> Extracted records
########

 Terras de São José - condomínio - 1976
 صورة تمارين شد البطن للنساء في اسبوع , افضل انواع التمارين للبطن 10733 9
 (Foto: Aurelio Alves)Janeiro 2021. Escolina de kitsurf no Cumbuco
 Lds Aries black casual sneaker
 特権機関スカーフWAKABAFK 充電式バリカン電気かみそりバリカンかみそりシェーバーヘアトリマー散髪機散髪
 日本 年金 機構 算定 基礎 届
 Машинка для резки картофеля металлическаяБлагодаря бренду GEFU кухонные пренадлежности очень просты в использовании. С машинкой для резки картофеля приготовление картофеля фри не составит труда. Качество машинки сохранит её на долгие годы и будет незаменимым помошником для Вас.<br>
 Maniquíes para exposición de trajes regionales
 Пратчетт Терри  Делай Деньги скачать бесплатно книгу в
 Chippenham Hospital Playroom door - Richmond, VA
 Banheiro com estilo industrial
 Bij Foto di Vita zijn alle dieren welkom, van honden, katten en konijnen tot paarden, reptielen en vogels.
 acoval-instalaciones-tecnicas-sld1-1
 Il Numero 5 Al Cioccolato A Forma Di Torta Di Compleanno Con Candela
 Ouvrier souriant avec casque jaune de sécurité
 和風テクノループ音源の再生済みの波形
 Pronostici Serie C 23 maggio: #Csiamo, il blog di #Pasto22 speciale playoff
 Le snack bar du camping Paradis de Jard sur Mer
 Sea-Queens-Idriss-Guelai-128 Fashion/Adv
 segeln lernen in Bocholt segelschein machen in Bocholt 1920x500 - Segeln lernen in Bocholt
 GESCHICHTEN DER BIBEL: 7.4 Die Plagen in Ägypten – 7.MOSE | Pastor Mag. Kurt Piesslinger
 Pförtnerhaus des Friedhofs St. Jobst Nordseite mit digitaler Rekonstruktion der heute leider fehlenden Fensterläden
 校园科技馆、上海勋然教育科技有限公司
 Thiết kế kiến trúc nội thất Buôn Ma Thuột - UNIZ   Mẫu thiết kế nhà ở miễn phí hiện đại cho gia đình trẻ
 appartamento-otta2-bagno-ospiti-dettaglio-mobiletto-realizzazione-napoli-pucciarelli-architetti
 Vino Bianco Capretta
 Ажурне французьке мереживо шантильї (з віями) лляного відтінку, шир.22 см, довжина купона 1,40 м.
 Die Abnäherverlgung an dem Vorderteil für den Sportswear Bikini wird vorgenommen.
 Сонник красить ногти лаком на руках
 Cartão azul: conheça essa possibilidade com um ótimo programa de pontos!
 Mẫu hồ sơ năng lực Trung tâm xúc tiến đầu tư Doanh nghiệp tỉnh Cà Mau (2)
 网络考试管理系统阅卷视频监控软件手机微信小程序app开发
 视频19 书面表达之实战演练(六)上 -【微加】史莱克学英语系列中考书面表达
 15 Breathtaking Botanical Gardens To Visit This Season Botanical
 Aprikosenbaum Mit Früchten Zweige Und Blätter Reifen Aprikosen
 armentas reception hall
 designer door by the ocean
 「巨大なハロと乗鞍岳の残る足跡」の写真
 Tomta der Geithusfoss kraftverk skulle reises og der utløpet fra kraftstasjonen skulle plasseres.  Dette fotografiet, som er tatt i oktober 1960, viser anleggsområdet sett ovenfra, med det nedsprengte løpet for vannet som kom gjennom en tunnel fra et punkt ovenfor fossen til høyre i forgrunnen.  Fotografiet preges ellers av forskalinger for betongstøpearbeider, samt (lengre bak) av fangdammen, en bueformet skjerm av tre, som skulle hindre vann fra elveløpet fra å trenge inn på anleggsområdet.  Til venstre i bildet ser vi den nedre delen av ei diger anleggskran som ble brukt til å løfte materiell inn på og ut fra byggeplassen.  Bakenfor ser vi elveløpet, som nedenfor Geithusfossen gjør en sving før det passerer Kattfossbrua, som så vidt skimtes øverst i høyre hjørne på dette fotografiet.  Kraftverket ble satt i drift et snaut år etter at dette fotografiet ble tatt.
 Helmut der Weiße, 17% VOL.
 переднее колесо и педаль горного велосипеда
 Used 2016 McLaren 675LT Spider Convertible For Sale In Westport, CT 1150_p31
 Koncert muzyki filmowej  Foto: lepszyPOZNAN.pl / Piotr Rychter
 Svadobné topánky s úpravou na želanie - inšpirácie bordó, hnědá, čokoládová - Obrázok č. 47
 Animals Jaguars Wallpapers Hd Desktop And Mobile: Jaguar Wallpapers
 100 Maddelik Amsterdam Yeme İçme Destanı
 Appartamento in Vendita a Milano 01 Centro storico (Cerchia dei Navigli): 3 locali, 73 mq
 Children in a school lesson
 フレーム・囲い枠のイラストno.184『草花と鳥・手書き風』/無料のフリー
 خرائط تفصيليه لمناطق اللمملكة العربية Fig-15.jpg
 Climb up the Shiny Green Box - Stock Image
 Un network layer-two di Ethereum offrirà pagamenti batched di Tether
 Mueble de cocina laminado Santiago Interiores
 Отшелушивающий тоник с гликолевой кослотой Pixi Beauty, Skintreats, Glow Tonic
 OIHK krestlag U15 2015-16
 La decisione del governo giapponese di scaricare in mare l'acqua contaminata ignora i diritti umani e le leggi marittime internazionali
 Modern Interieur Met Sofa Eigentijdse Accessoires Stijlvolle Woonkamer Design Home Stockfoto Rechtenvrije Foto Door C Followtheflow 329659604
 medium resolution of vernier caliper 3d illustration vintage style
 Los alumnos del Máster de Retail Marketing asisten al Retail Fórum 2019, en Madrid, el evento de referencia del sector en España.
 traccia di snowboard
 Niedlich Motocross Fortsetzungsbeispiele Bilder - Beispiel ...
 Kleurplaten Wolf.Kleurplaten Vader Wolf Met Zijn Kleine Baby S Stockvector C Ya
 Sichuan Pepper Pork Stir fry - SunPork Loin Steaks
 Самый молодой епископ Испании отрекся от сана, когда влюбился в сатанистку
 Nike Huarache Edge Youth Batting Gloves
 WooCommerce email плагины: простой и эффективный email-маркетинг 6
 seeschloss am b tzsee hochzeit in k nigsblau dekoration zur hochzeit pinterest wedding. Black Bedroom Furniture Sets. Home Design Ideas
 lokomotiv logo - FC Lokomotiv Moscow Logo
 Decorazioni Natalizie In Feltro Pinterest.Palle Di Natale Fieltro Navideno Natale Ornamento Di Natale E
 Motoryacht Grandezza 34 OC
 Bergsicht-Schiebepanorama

########

Whenever the string "Home" turns up in a line of the data, copy that line.

> EXERCISE SOLUTION
 Modern Interieur Met Sofa Eigentijdse Accessoires Stijlvolle Woonkamer Design Home Stockfoto Rechtenvrije Foto Door C Followtheflow 329659604
 seeschloss am b tzsee hochzeit in k nigsblau dekoration zur hochzeit pinterest wedding. Black Bedroom Furniture Sets. Home Design Ideas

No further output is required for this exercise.